4 is a block diagram showing a configuration of a main part of the correction data generating circuit shown in FIG.

FIG. 5 is a flowchart illustrating an outline of a parallax amount measurement operation according to the first embodiment.

6 is a flowchart showing a detailed operation of the correction data generation processing shown in FIG.

7 is a flowchart illustrating the detailed operation of the matching processing shown in FIG.

FIG. 8 is a diagram for explaining a method of generating correction data in a parallax amount measuring apparatus according to a second embodiment of the present invention.

FIG. 9 is a block diagram illustrating a configuration of a main part of a delay unit of a correction data generation circuit according to a second embodiment.

FIG. 10 is a diagram showing a configuration of a main part of a correction data generation circuit in a parallax amount measuring apparatus according to a third embodiment of the present invention.

FIG. 11 is a diagram illustrating a 3 × 3 Laplacian filter according to a third embodiment.

[12] The parallax measuring apparatus according to the present invention is a block diagram showing an example of application to a head-mounted display device.

FIG. 13 is a diagram for explaining a parallax amount measuring method by block matching.

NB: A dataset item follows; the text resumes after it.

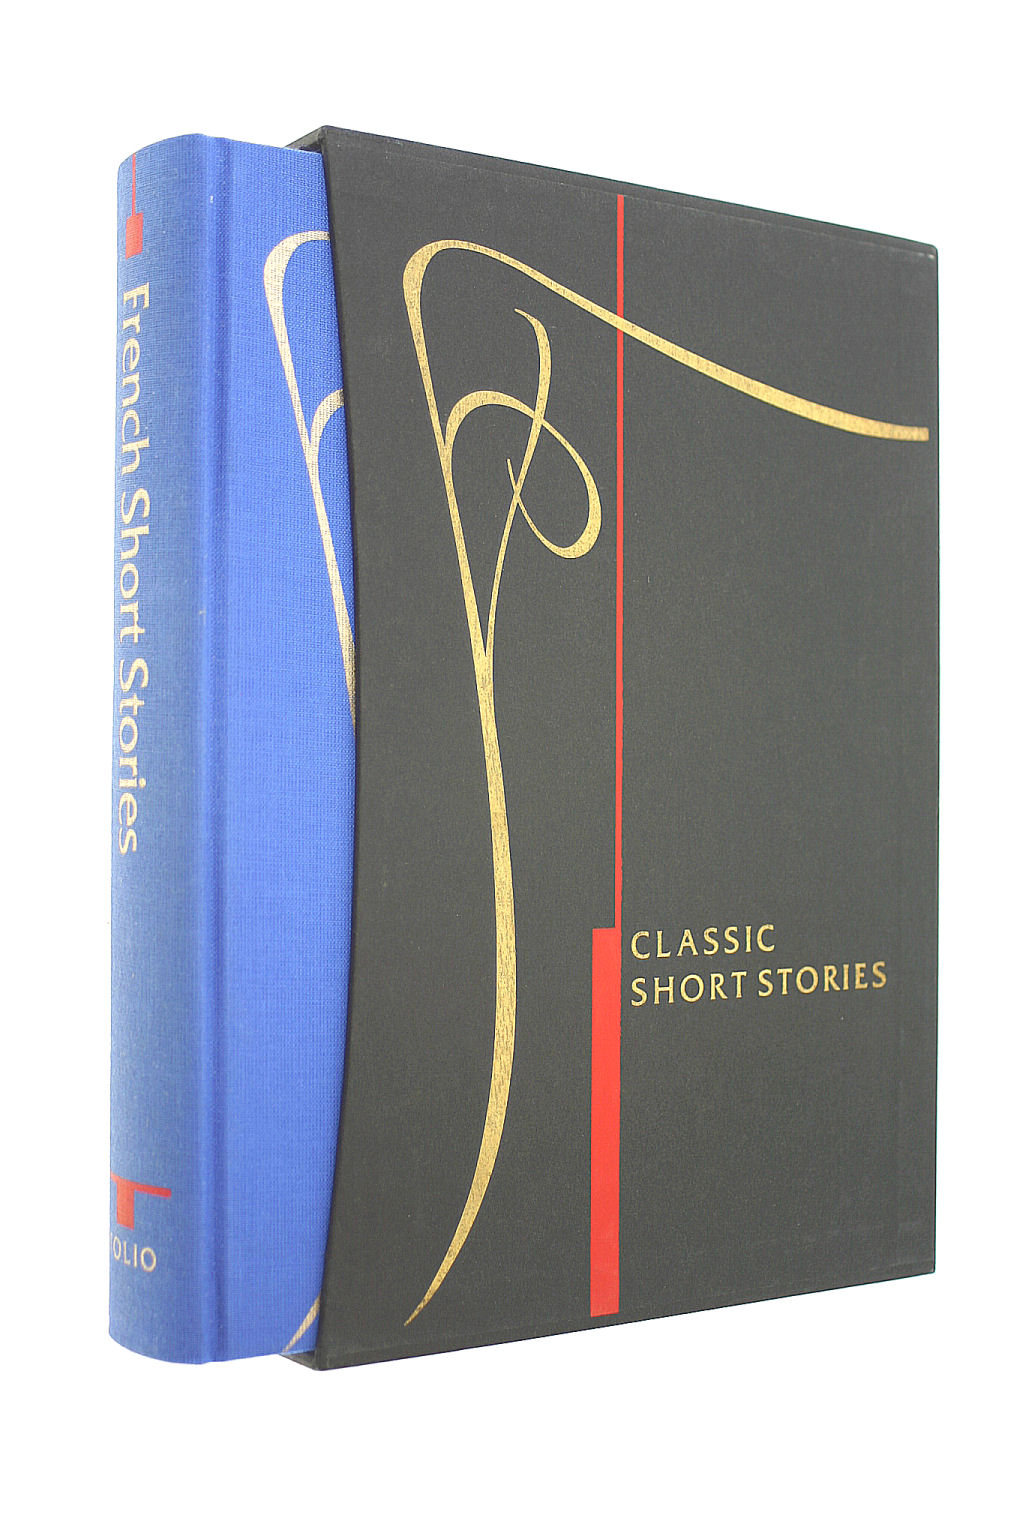 BRIAN MASTERS [INTRODUCTION]; VERONIQUE BOUR [ILLUSTRATOR]; - The Folio Society Book of French Short Stories

FIG. 14 is also a diagram for explaining a parallax amount measuring method by block matching.

[Explanation of symbols]

 3 measurement block setting unit 4 search range / reference block setting unit 9 parallax measuring unit 10 matching calculation circuit 11 difference absolute value sum calculating circuit 12 the minimum value detecting circuit 13 correction data generating circuit 14 operation result correction circuit 15 error decision circuit 19 the delay unit 26 arithmetic unit 50 3 × 3 Laplacian filter arithmetic unit

Front page of the continued F-term (reference) 2F065 AA06 AA53 EE00 FF05 JJ03 JJ05 JJ26 QQ00 QQ03 QQ11 QQ12 QQ13 QQ14 QQ23 QQ24 QQ25 QQ27 QQ29 QQ32 QQ33 QQ38 QQ41 QQ42 SS13 2F112 AC06 CA08 FA03 FA07 FA21 FA27 FA29 FA38 FA41 5B057 AA20 CA12 CA16 CB13 CB16 CC03 CH01 DA07 DB03 DC02 DC32 5C061 AB12 AB18 AB21

Claims (3)

[Claims] 1. A measurement block setting means for setting a predetermined measurement block on the first image of a stereo image composed of a first image and a second image; and a measurement block on the second image. A matching means for searching the corresponding block area to detect the best value of the similarity, and measuring the parallax amount of the measurement block from the difference in the coordinates of the two images at the best value; Correction data generating means for generating correction data for correcting the best value of the similarity based on a sum of absolute differences between pixel data of corresponding pixels with a peripheral block shifted by a predetermined pixel; and Correcting means for correcting the best value of the similarity based on the correction data generated by the generating means; and matching based on the best value of the similarity corrected by the correcting means. Parallax measuring device matching in grayed means and having a an error determining means for determining whether or not an error. 2. A measurement block setting means for setting a predetermined measurement block on the first image of a stereo image composed of a first image and a second image; and a measurement block on the second image. Matching means for searching for a corresponding block area to detect the best value of similarity and measuring the amount of parallax of the measurement block from a difference in coordinates between the two images at the best value; and Laplacian pixel data of the measurement block. Calculate,
By integrating the result of the operation, the correction data generation means for generating correction data for correcting the best value of the similarity, by the correction data generated by the correction data generating means for correcting the best value of the similarity A parallax amount measuring device, comprising: a correcting unit; and an error determining unit that determines whether or not the matching by the matching unit is an error based on the best value of the similarity corrected by the correcting unit. 3. The parallax amount measuring apparatus according to claim 1, wherein the correction unit normalizes the best value of the similarity based on the correction data.